Will you write out, word for word, every line from the one with "Beauty Lake Soap, Cherry Blossom" to the final line of the data below, with the pictures left out?

### GIVEN DATA
┄┄┄┄┄┄┄┄┄┄┄┄┄┄┄┄┄┄┄┄
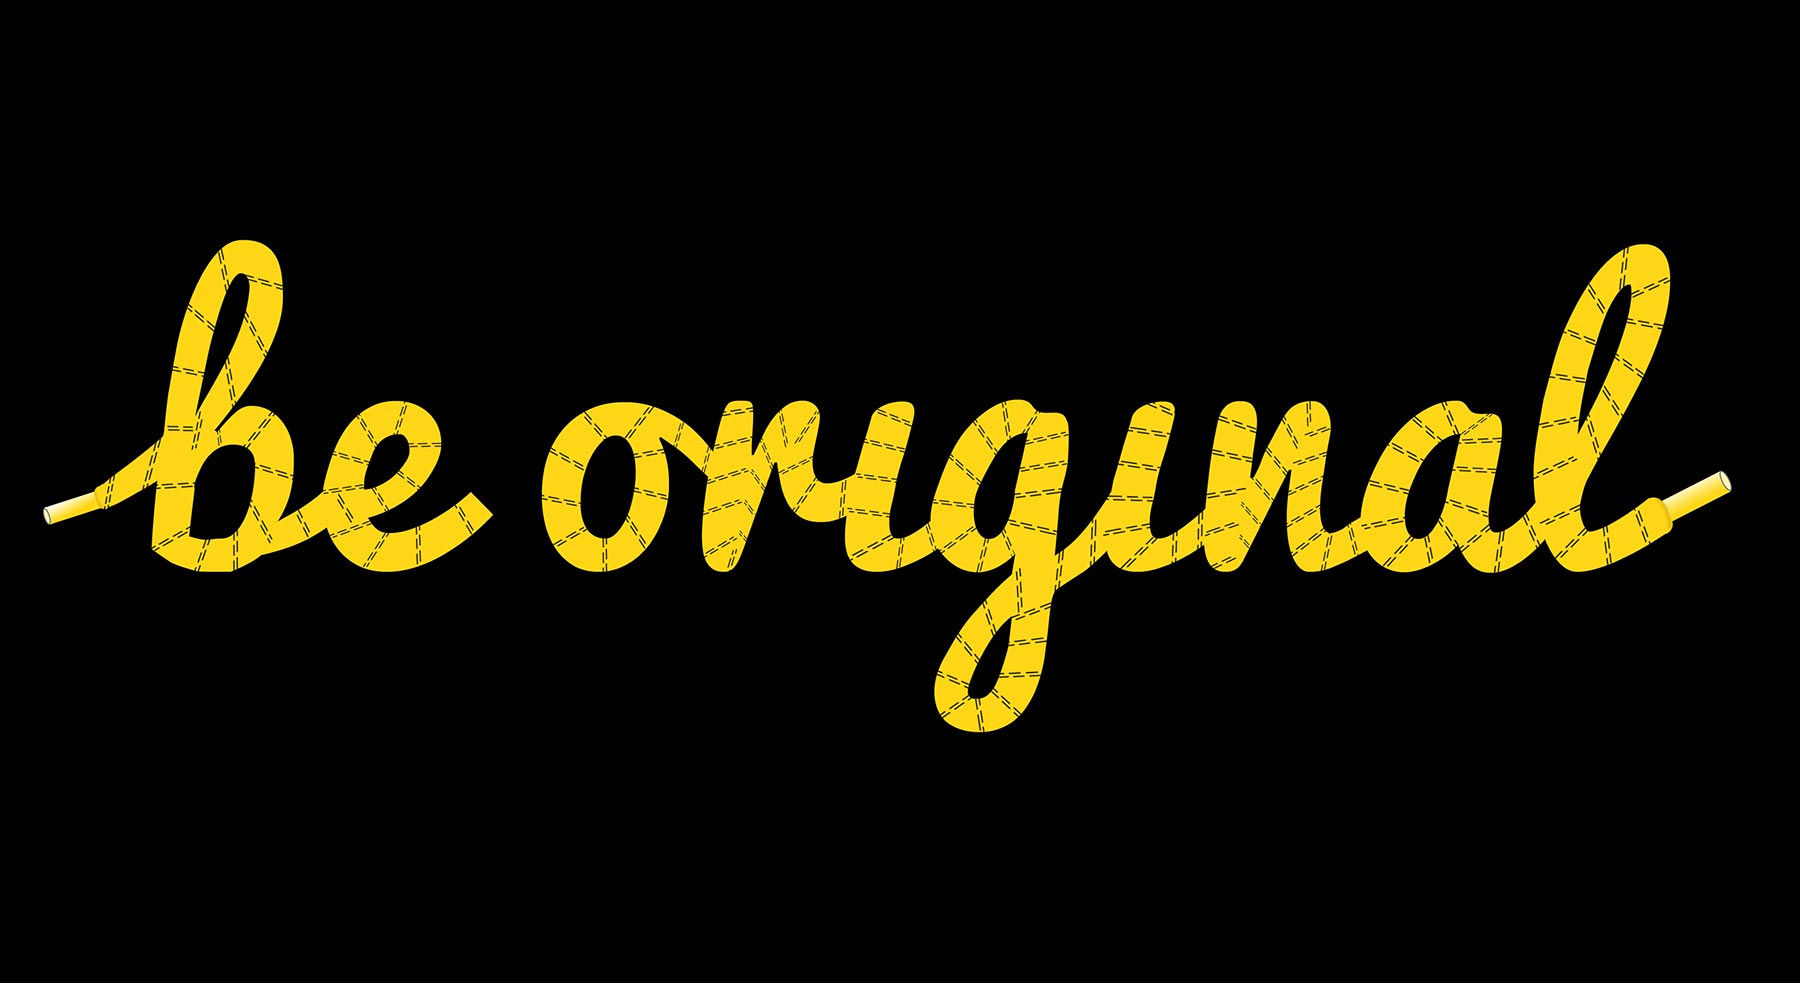 be-original-tshirt-callout
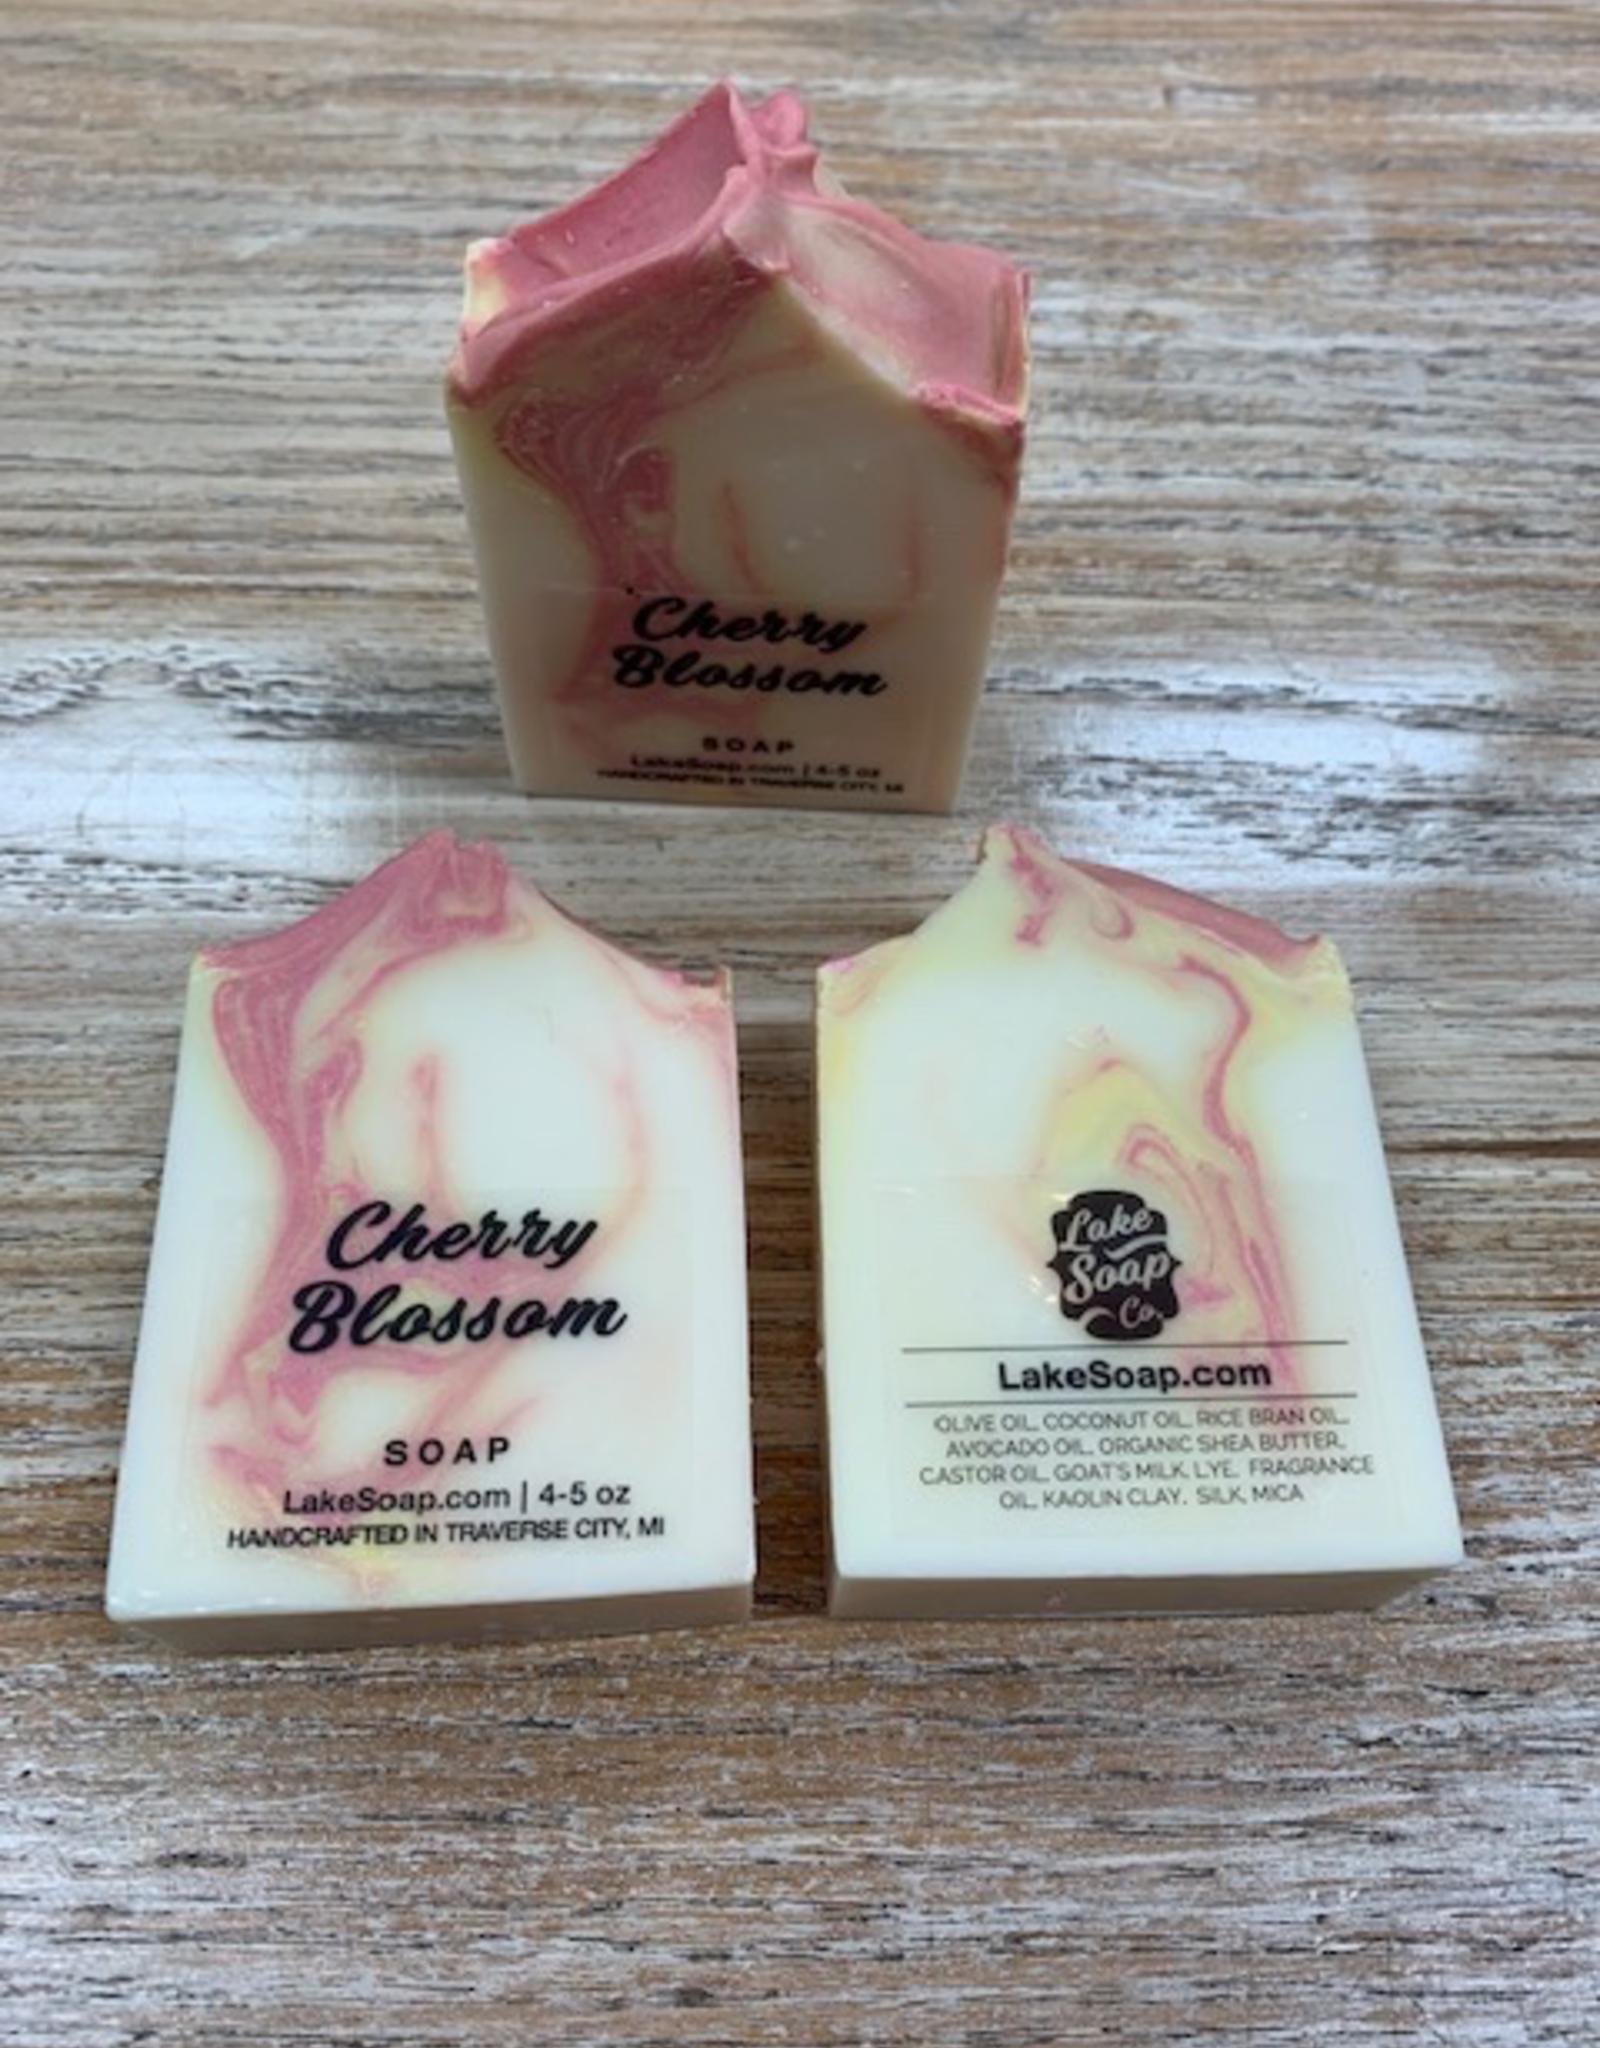 Beauty Lake Soap, Cherry Blossom
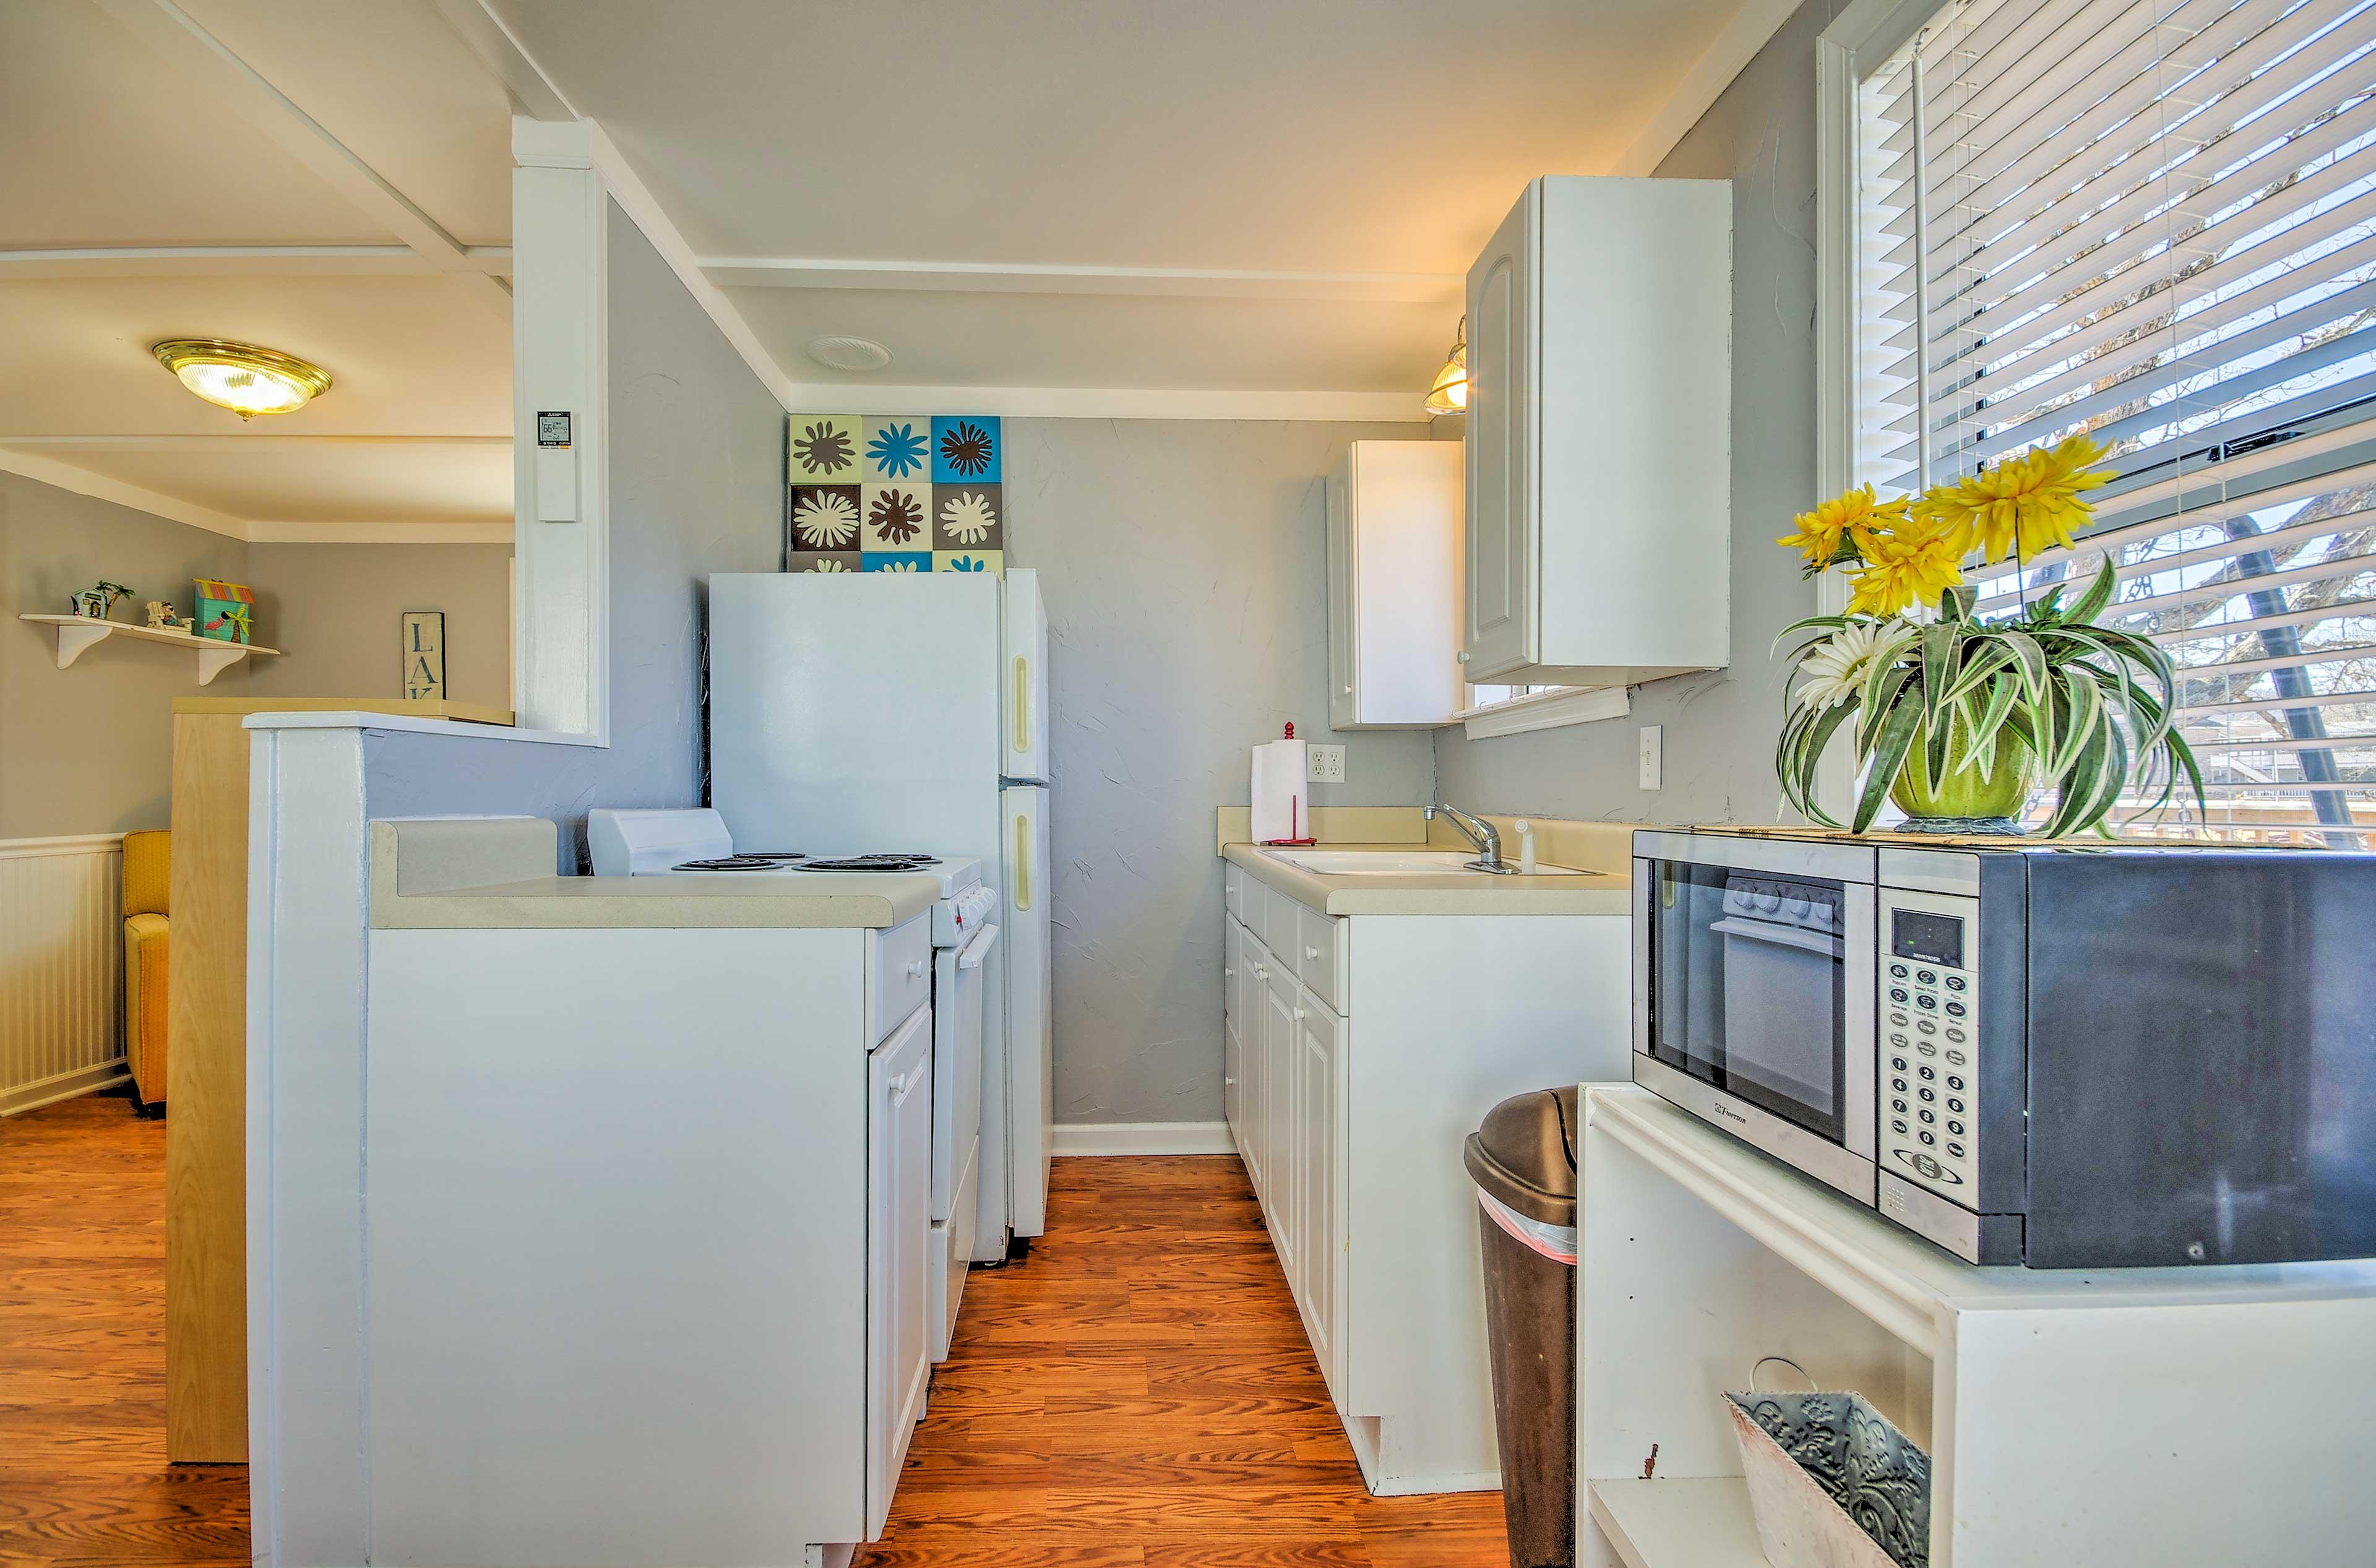 Kitchen | 4-Burner Stovetop
┄┄┄┄┄┄┄┄┄┄┄┄┄┄┄┄┄┄┄┄
### WRITTEN RESPONSE
 Beauty Lake Soap, Cherry Blossom
 Kitchen | 4-Burner Stovetop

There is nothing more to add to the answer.